The Yellowstone River had long been an important artery of transportation for Native Americans. The region around the Big Horn, Powder and Tongue rivers is the traditional summer hunting grounds for numerous Native American tribes: Lakota Sioux, Crow, Cheyenne and Cree. Gold was discovered near Virginia City, Montana in the 1860s, and two of the primary routes for accessing the goldfields were the Bozeman Trail and the Bridger Trail both of which followed the Yellowstone for a short length. In the 19th century, European-American settlers depended on the river for transportation, and generally entered the region by riverboat.

Native American anger at settler encroachment on their hunting grounds led to Red Cloud's War. The conflict was settled with the Treaty of Fort Laramie in 1868, by which the US granted the territory of the Black Hills and the Powder River Country to the Lakota people. This region included the drainages of the Big Horn, Powder and Tongue rivers. But the discovery of gold in 1874 in the Black Hills, however, attracted thousands of miners who invaded the sacred grounds and competed for resources. New armed conflicts broke out with the Lakota Sioux.

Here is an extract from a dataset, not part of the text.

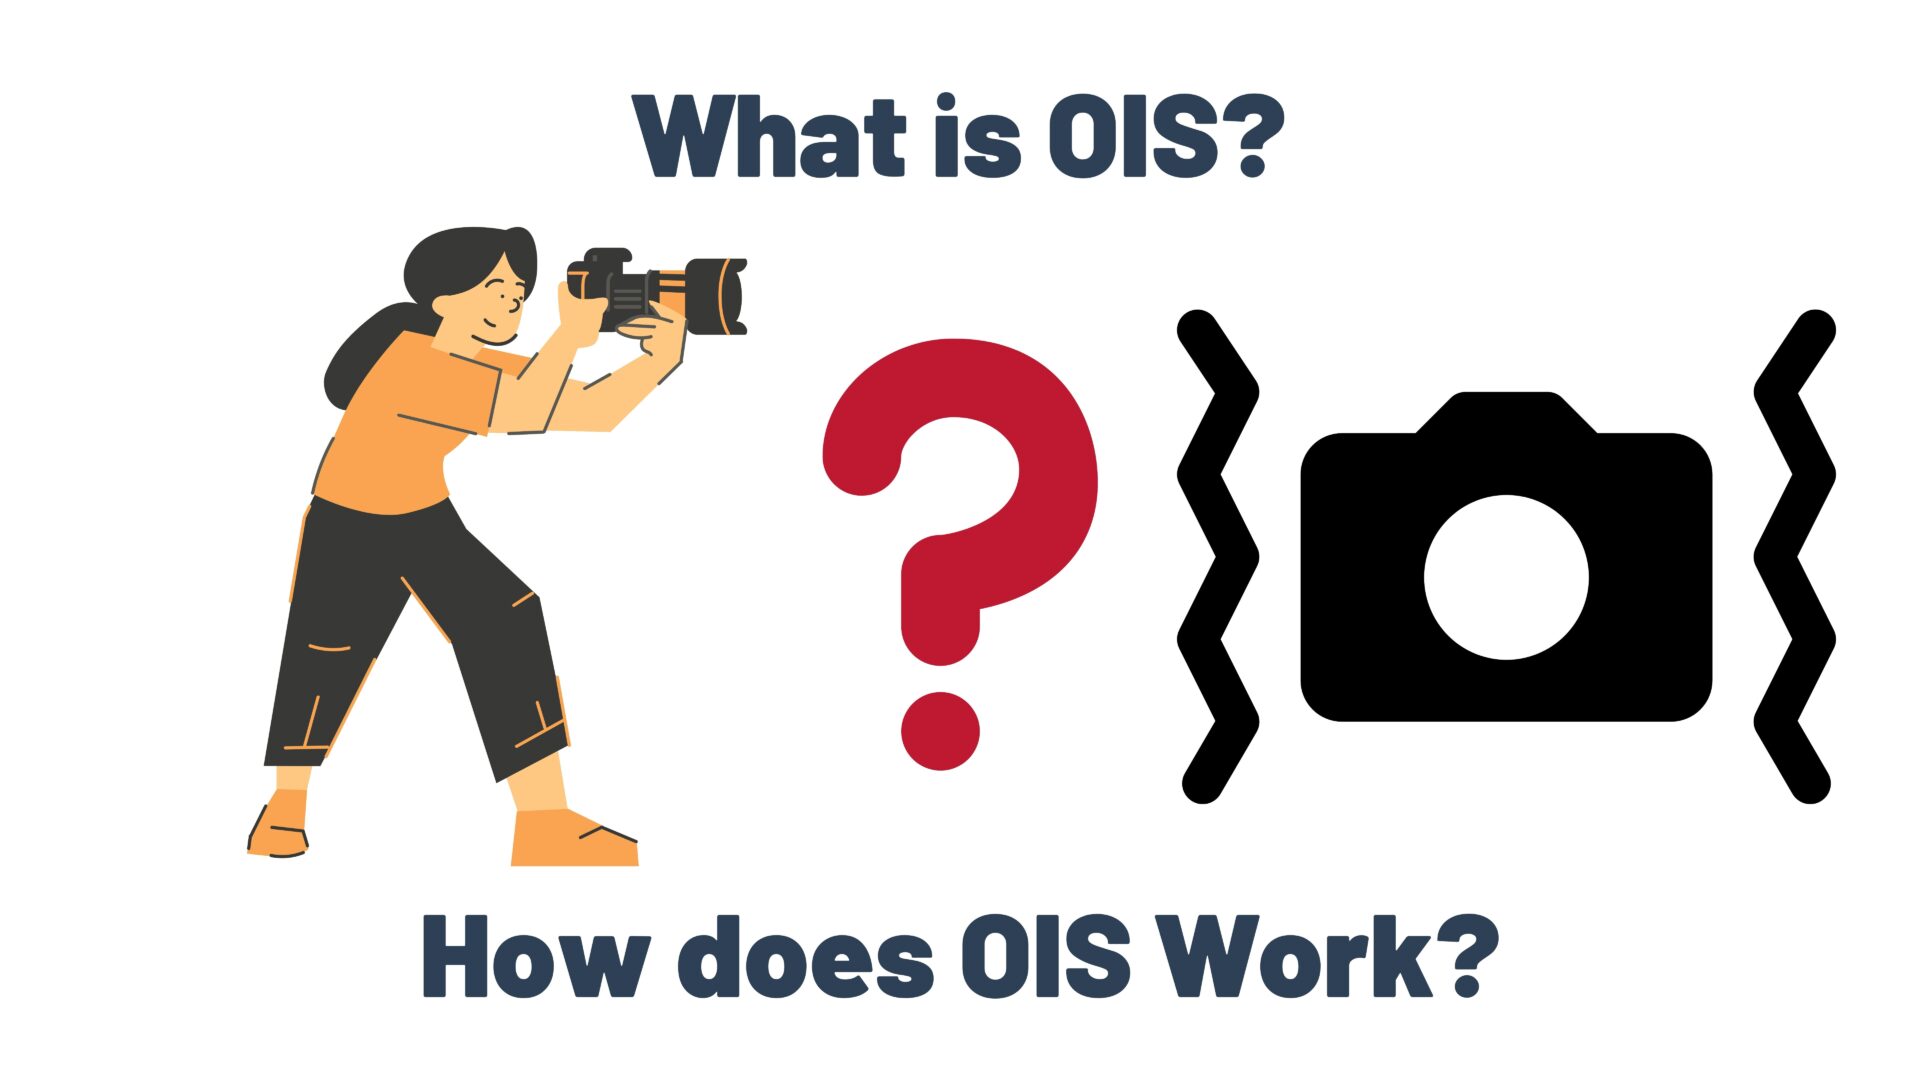 What is OIS?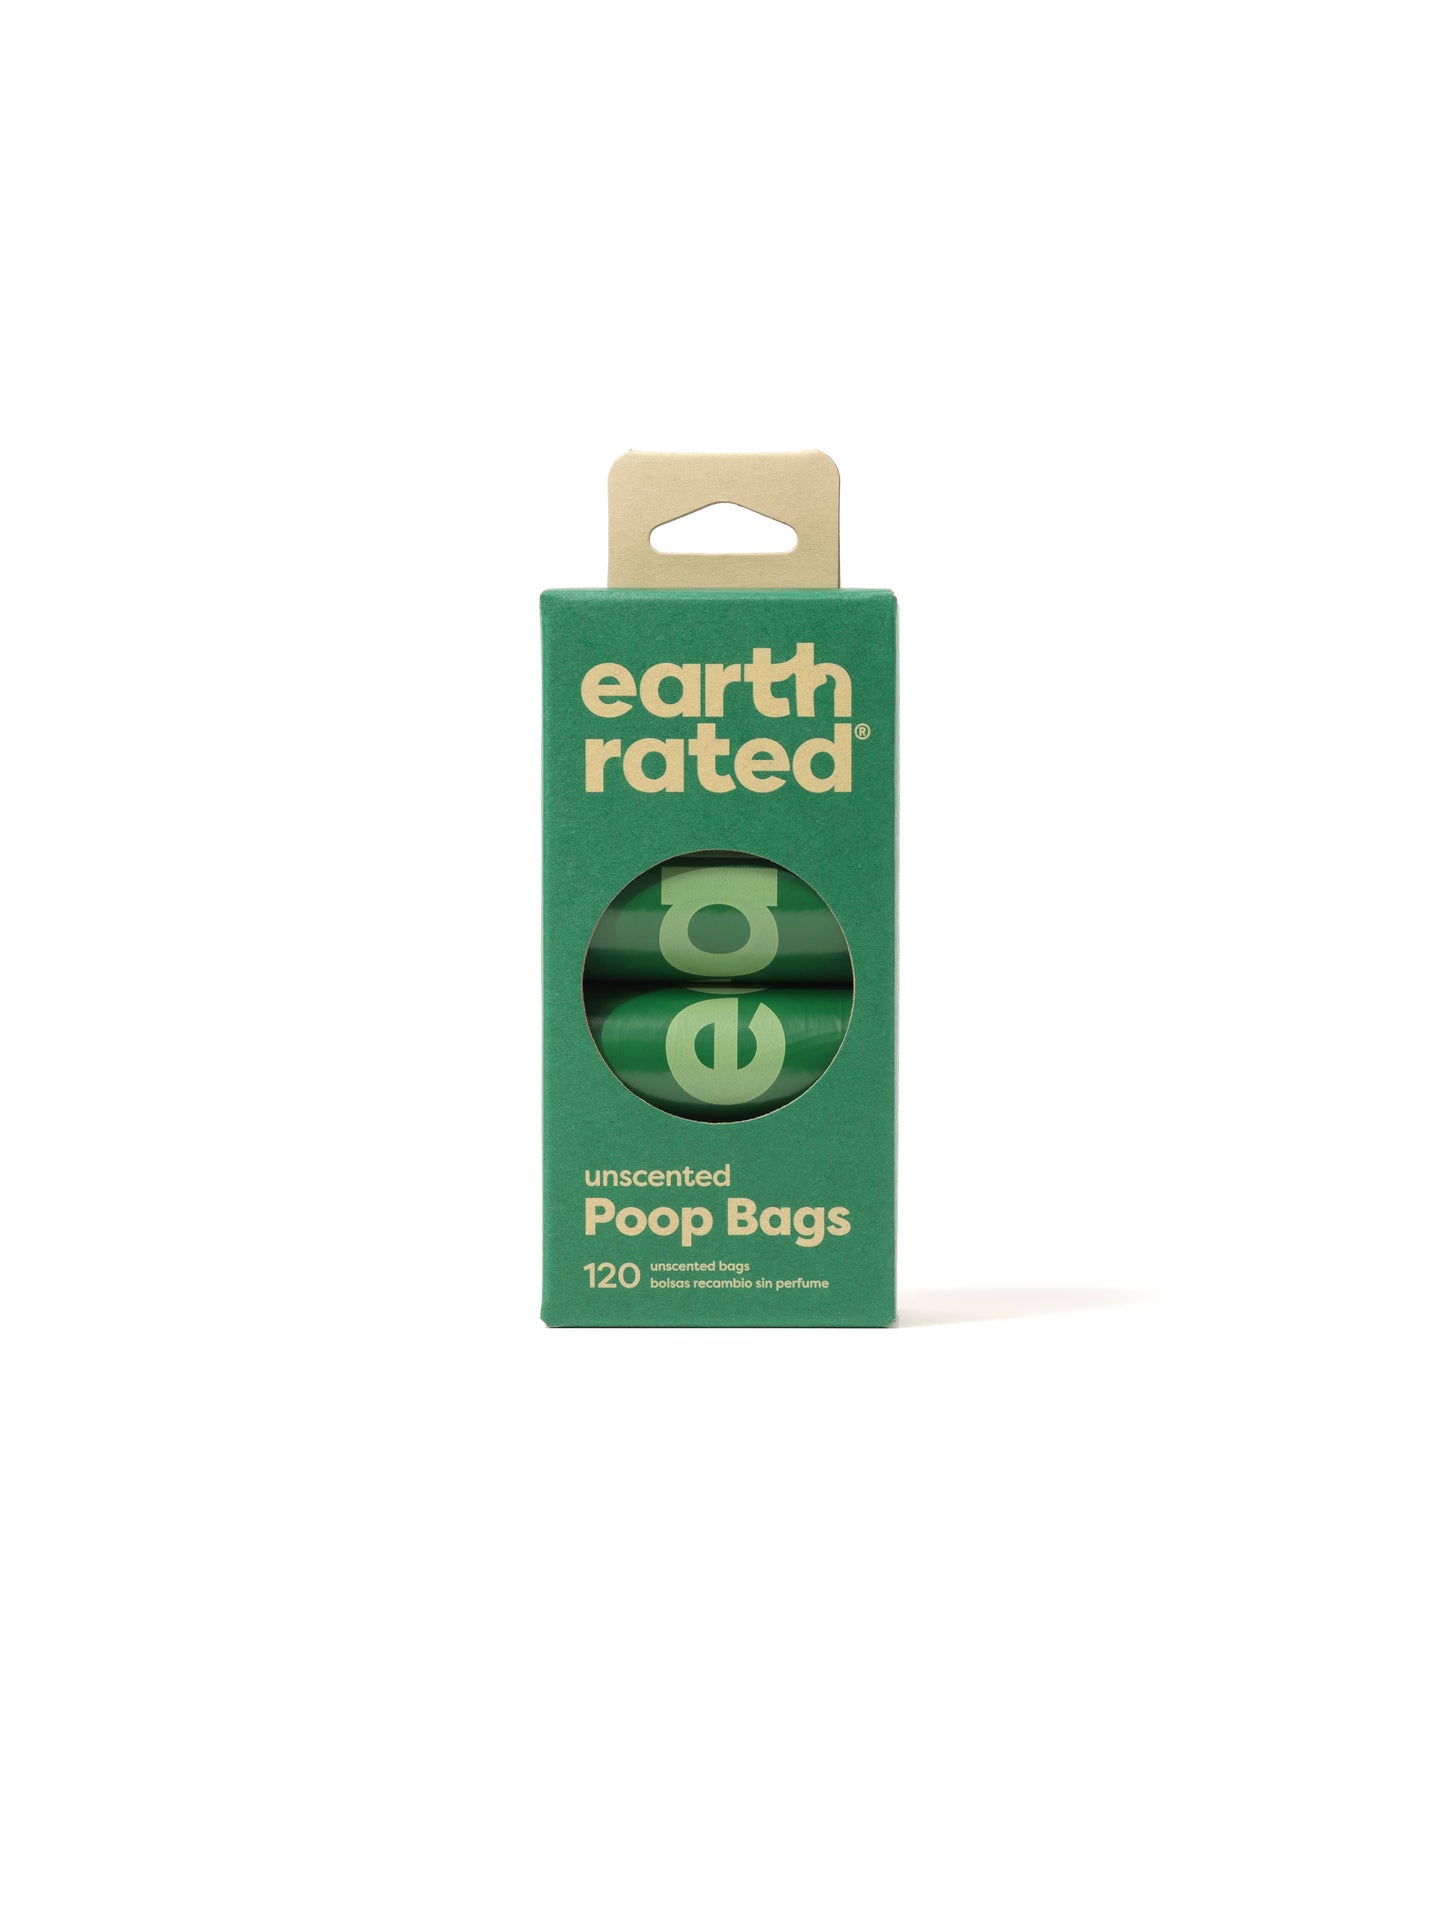 Earth Rated Unscented Poop Bags 120ct on 8 Refill Rolls 12cs

The new competition and violence led to the Great Sioux War of 1876–77. The US sent in troops to protect the miners, although they had violated the treaty, and to defeat the Sioux. In 1876, Colonel John Gibbon led a column of men from Fort Ellis near Bozeman, Montana and traveled down the Yellowstone to meet up with General Alfred Terry's Dakota Column, which had traveled upstream from North Dakota. Terry formed a base of operations at the mouth of Rosebud Creek on the Yellowstone, but the US miscalculated the strength of the Lakota, who had gathered by the thousands along the river. Lieutenant Colonel George Armstrong Custer departed from Rosebud Creek with the 7th Cavalry on the expedition that ended in his complete defeat by the Lakota and Cheyenne at the Battle of the Little Bighorn. The army ferried its survivors down the Yellowstone to the Missouri, and to Fort Abraham Lincoln.

The US Army returned in force and finally achieved victory over the tribes, forcing them onto reservations. The Lakota and allies were forced from eastern Montana and Wyoming: some bands fled to Canada, while others suffered removal to distant reservations, primarily located in present-day South Dakota and Nebraska west of the Missouri River. Crow warriors had enlisted as scouts with the US Army during the war and the Crow Indian Reservation was established in south-central Montana. The Northern Cheyenne Indian Reservation is south of the Yellowstone in Montana.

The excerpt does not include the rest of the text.